**Required action**. An exact copy of all the data is needed, with every picture left out.
━━━ The data
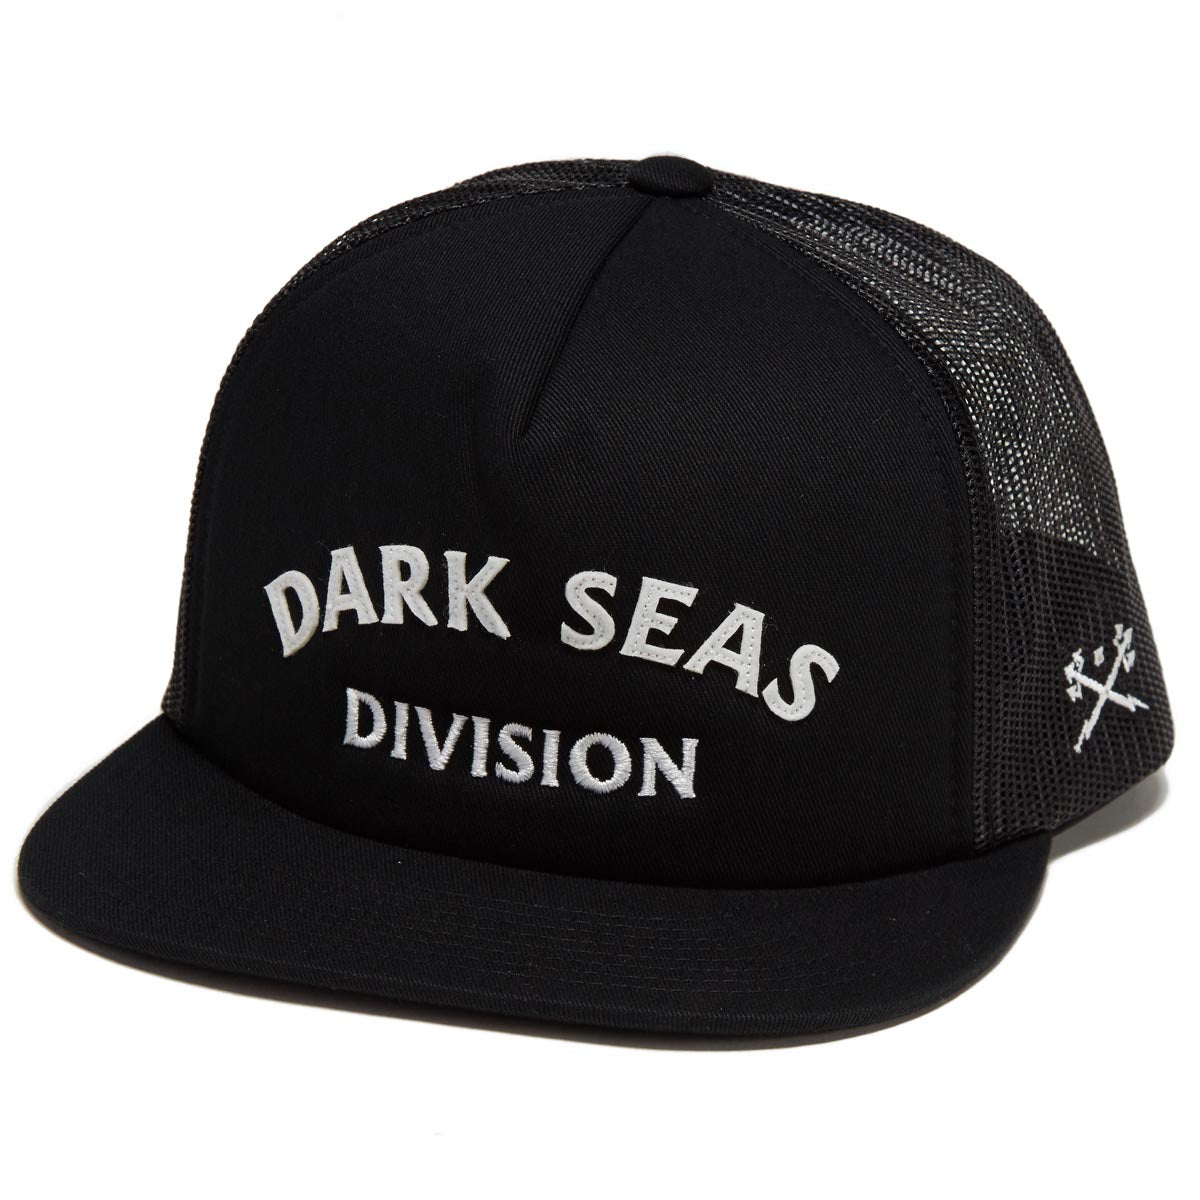 Dark Seas Barbados Hat - Black image 1
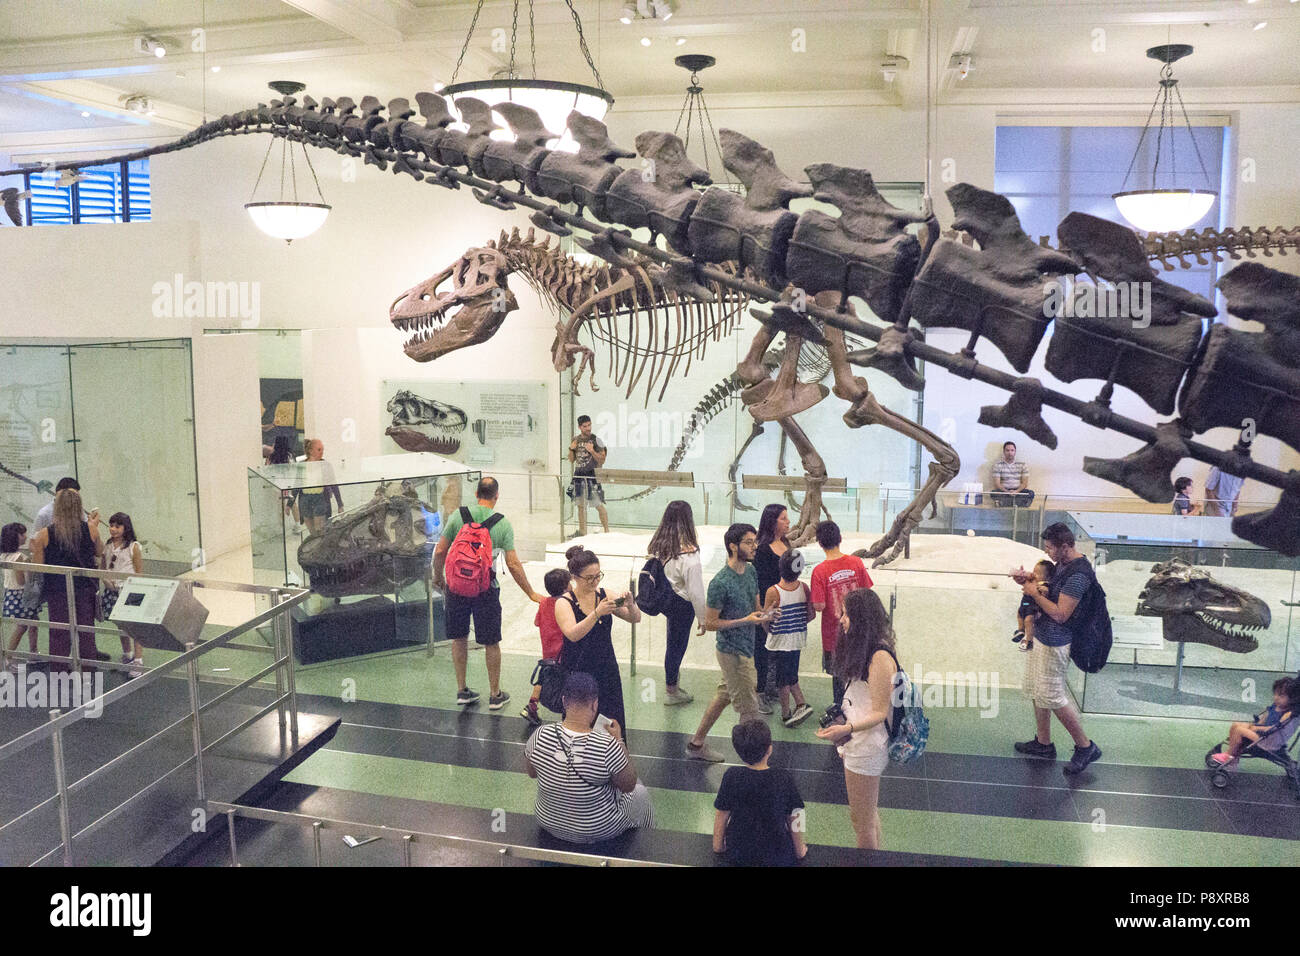 2 enormes dinosaurios Apatosaurus cola en primer plano con vistas a diversos admiradores de todas las edades caminando el centro de la pasarela y visualización del esqueleto rex Tyrranosaurus más allá Foto de stock
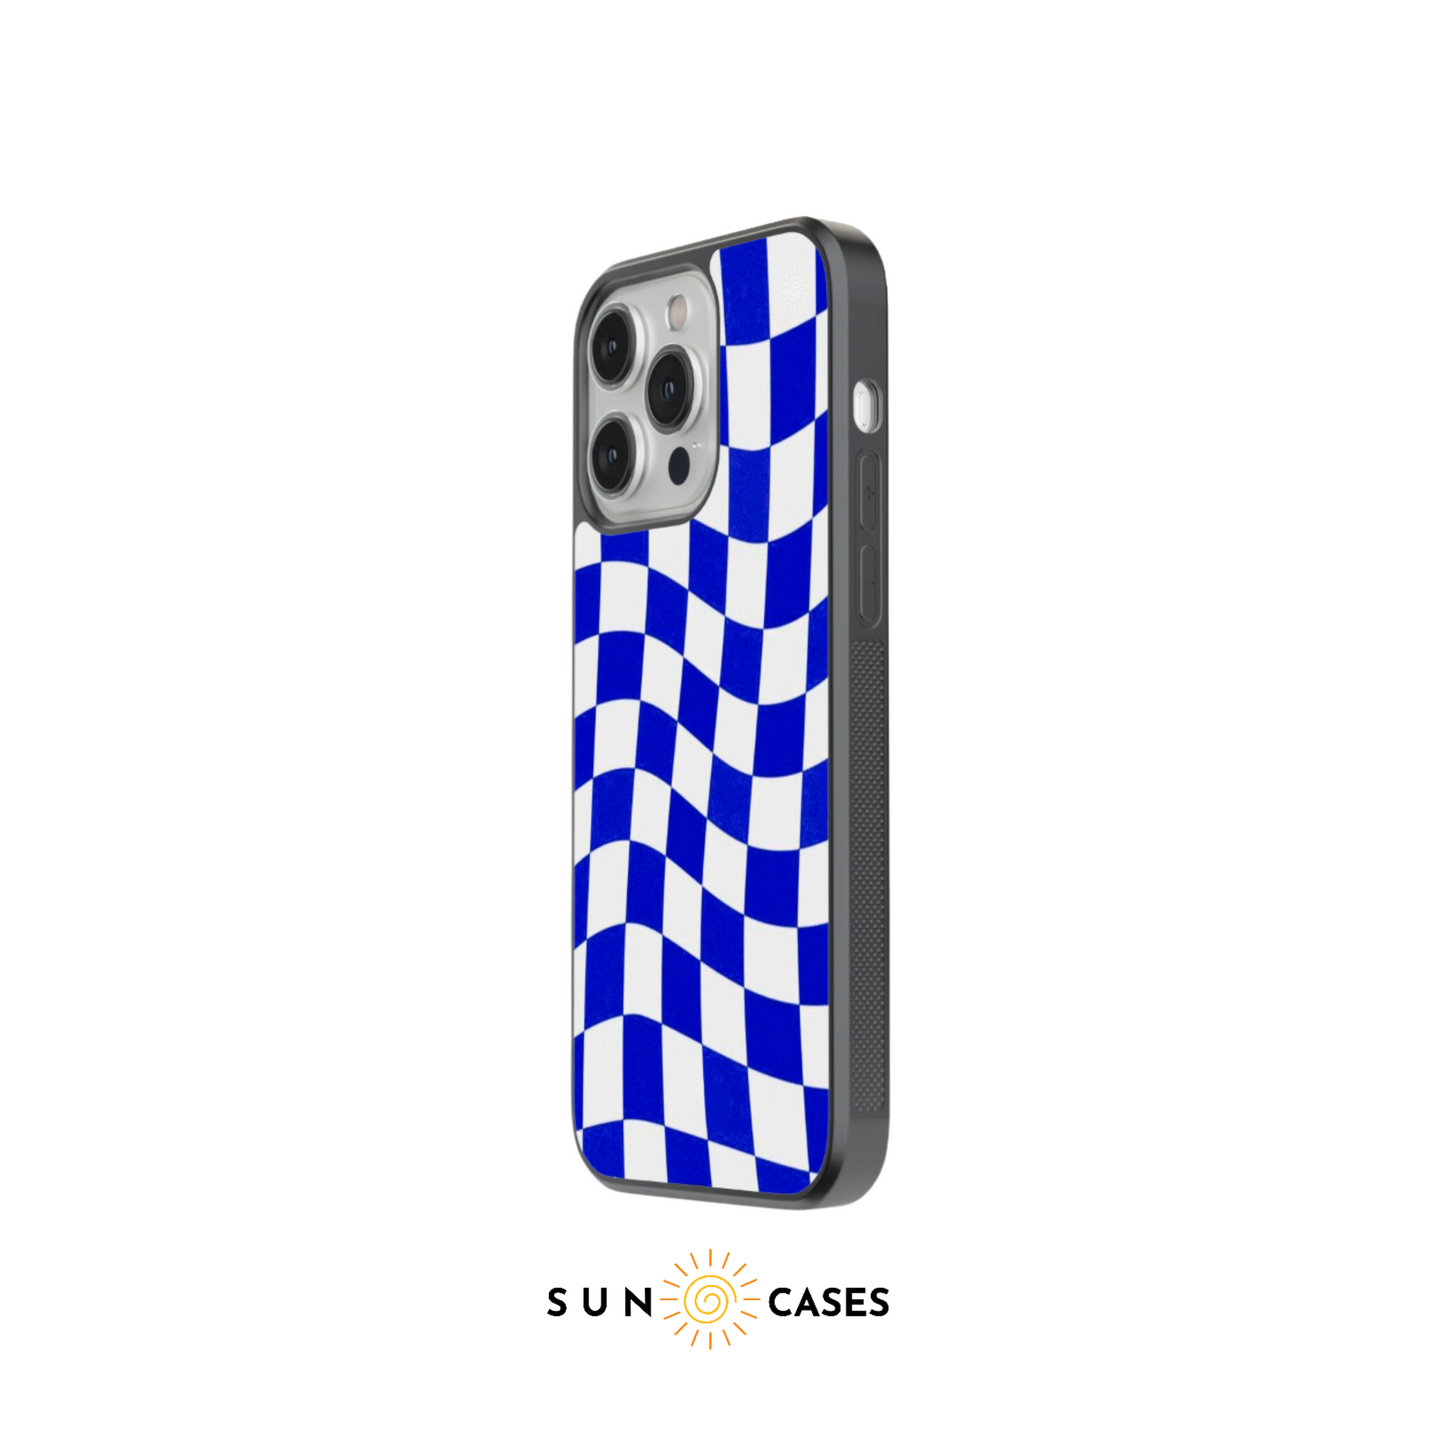 Checkered Case -  Blue Checkered
━━━━━━
**Answer for this exercise**.
 Dark Seas Barbados Hat - Black image 1
 2 enormes dinosaurios Apatosaurus cola en primer plano con vistas a diversos admiradores de todas las edades caminando el centro de la pasarela y visualización del esqueleto rex Tyrranosaurus más allá Foto de stock
 Checkered Case -  Blue Checkered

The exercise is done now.